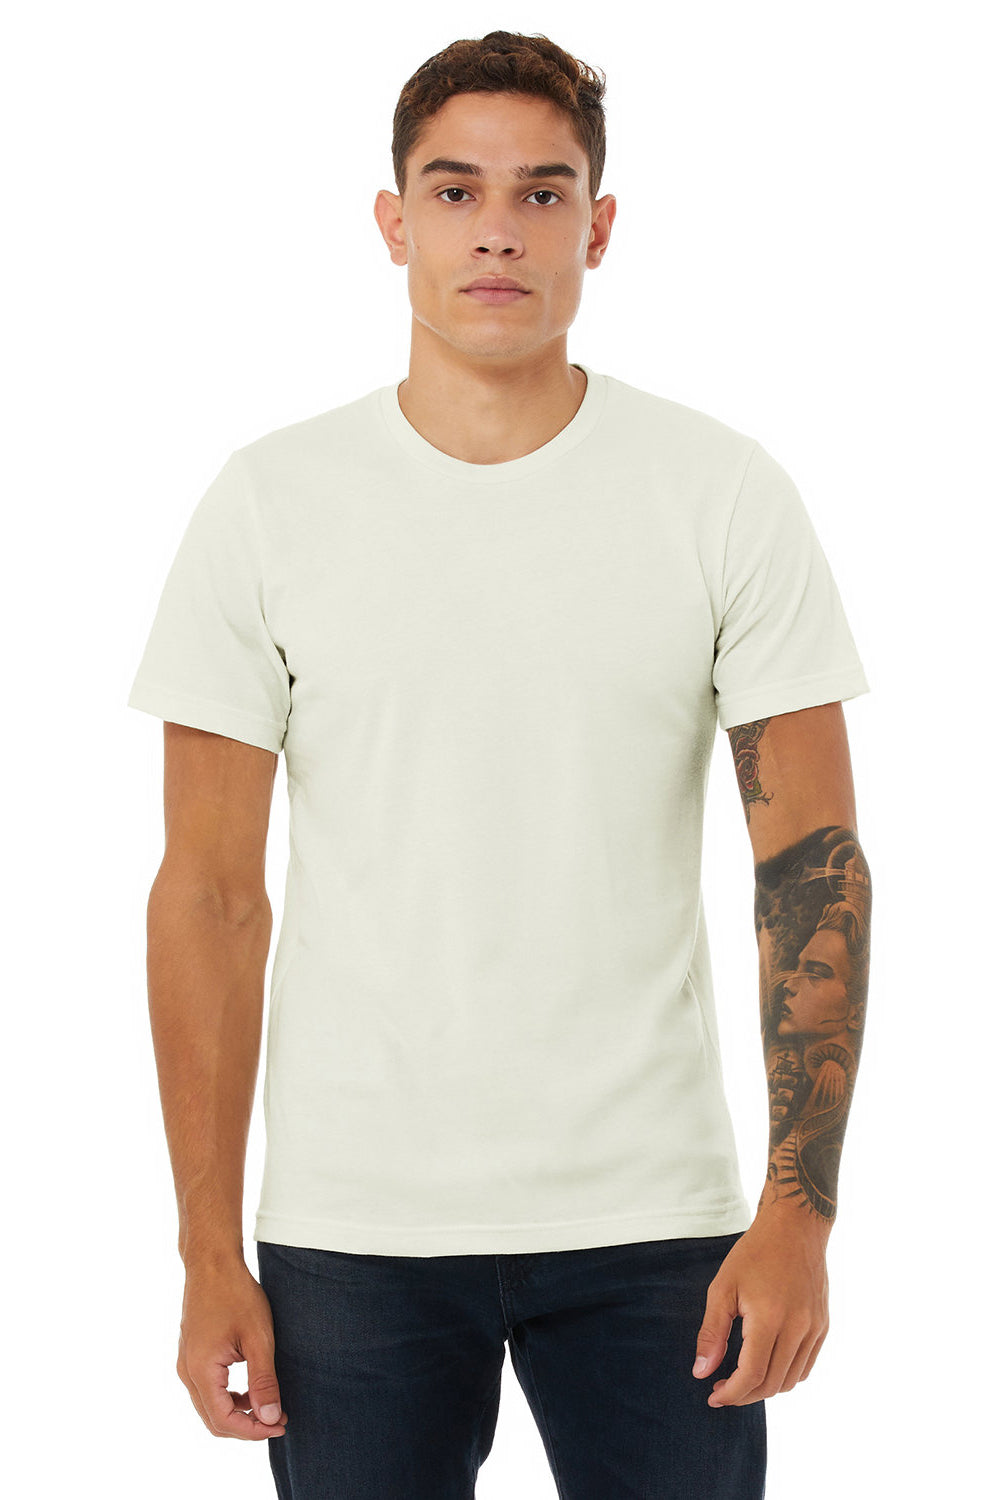 Bella + Canvas BC3001/3001C Mens Jersey Short Sleeve Crewneck T-Shirt Citron Model Front
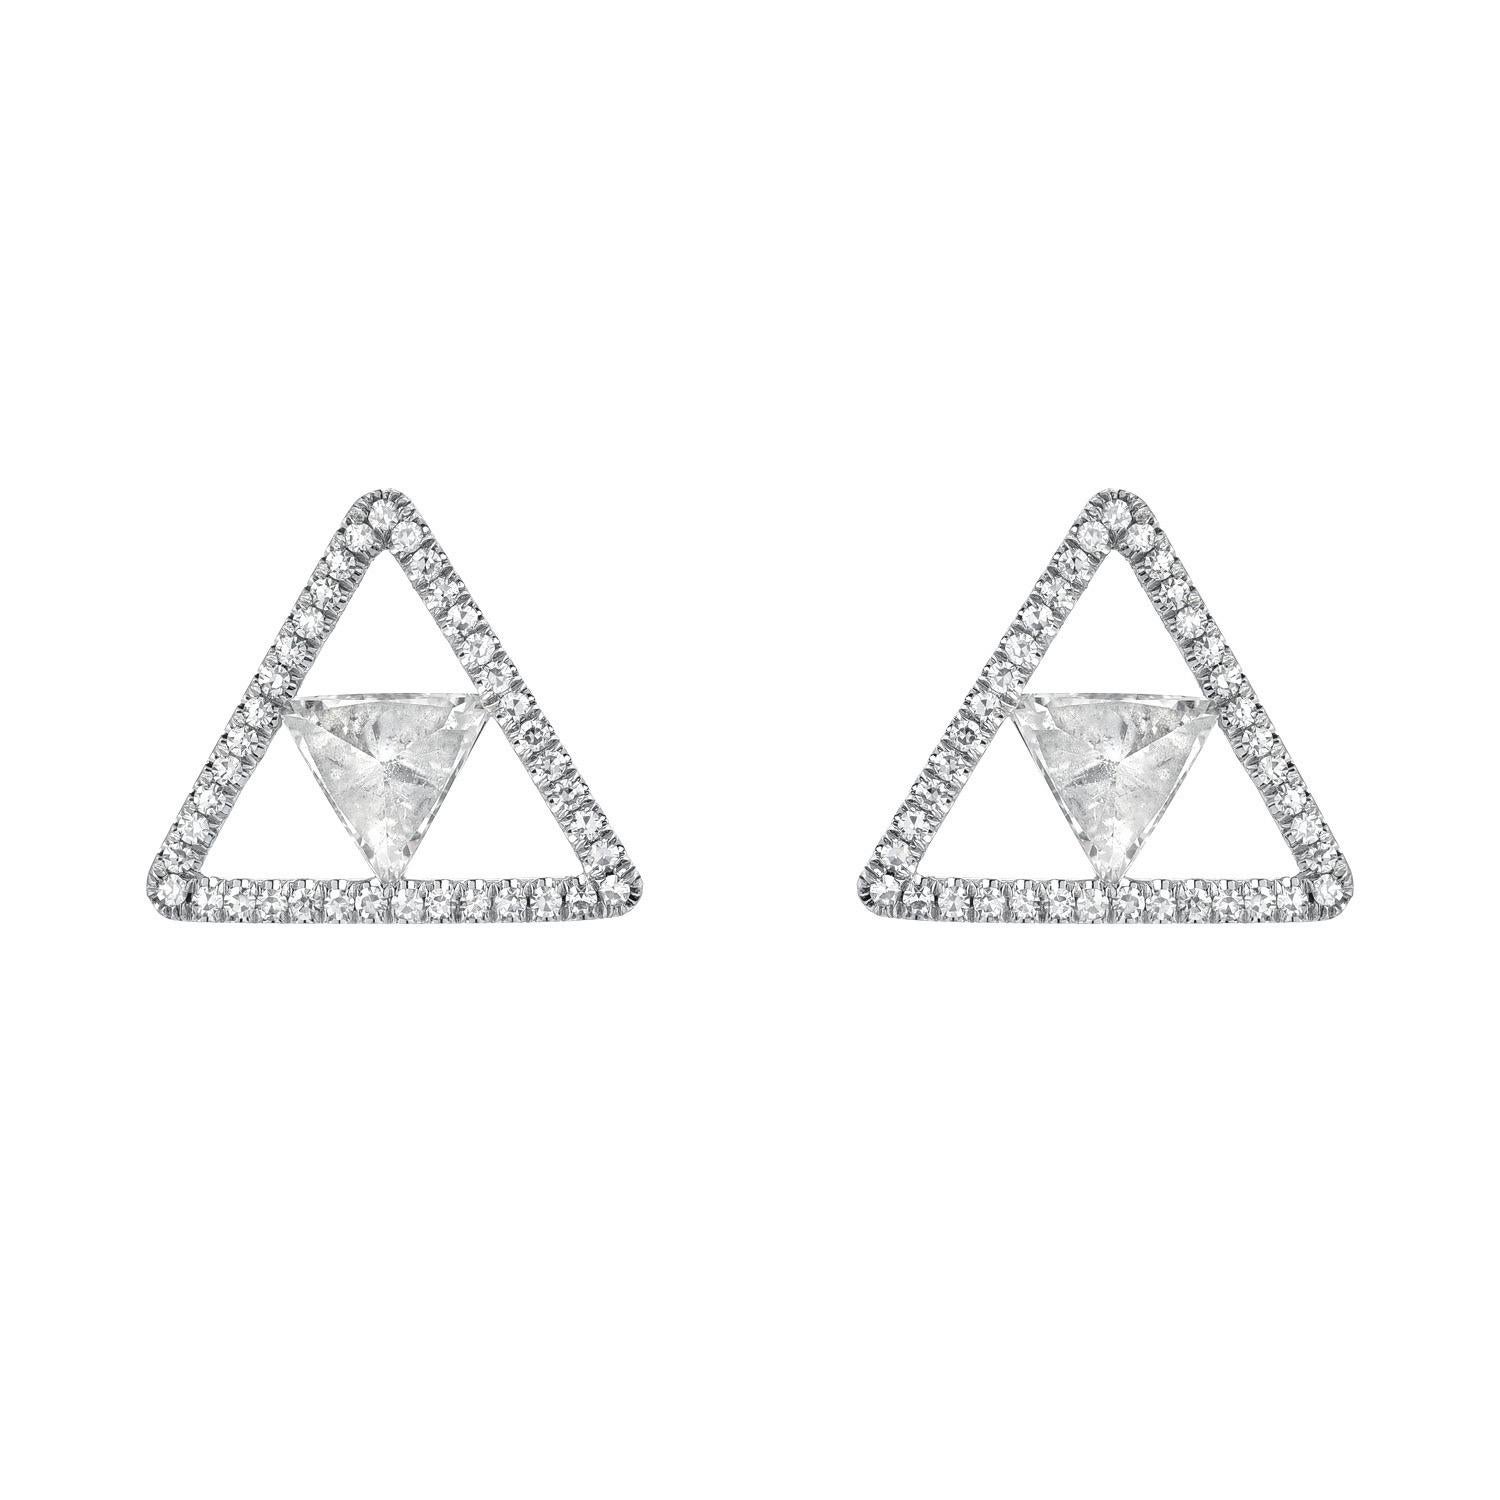 Boucles d'oreilles en platine composées de diamants Trillion en serti inversé pesant un total de 0,49 carats, H/SI1, encadrés par des diamants ronds de taille unique F/VS.
Taille des boucles d'oreilles : 10 millimètres.
Fabriqué par des mains

——————————

[Work order] Print out all the material word for word but exclude any images.

[Solution to this problem]
 Bella + Canvas BC3001/3001C Mens Jersey Short Sleeve Crewneck T-Shirt Citron Model Front
 Boucles d'oreilles en platine composées de diamants Trillion en serti inversé pesant un total de 0,49 carats, H/SI1, encadrés par des diamants ronds de taille unique F/VS.
Taille des boucles d'oreilles : 10 millimètres.
Fabriqué par des mains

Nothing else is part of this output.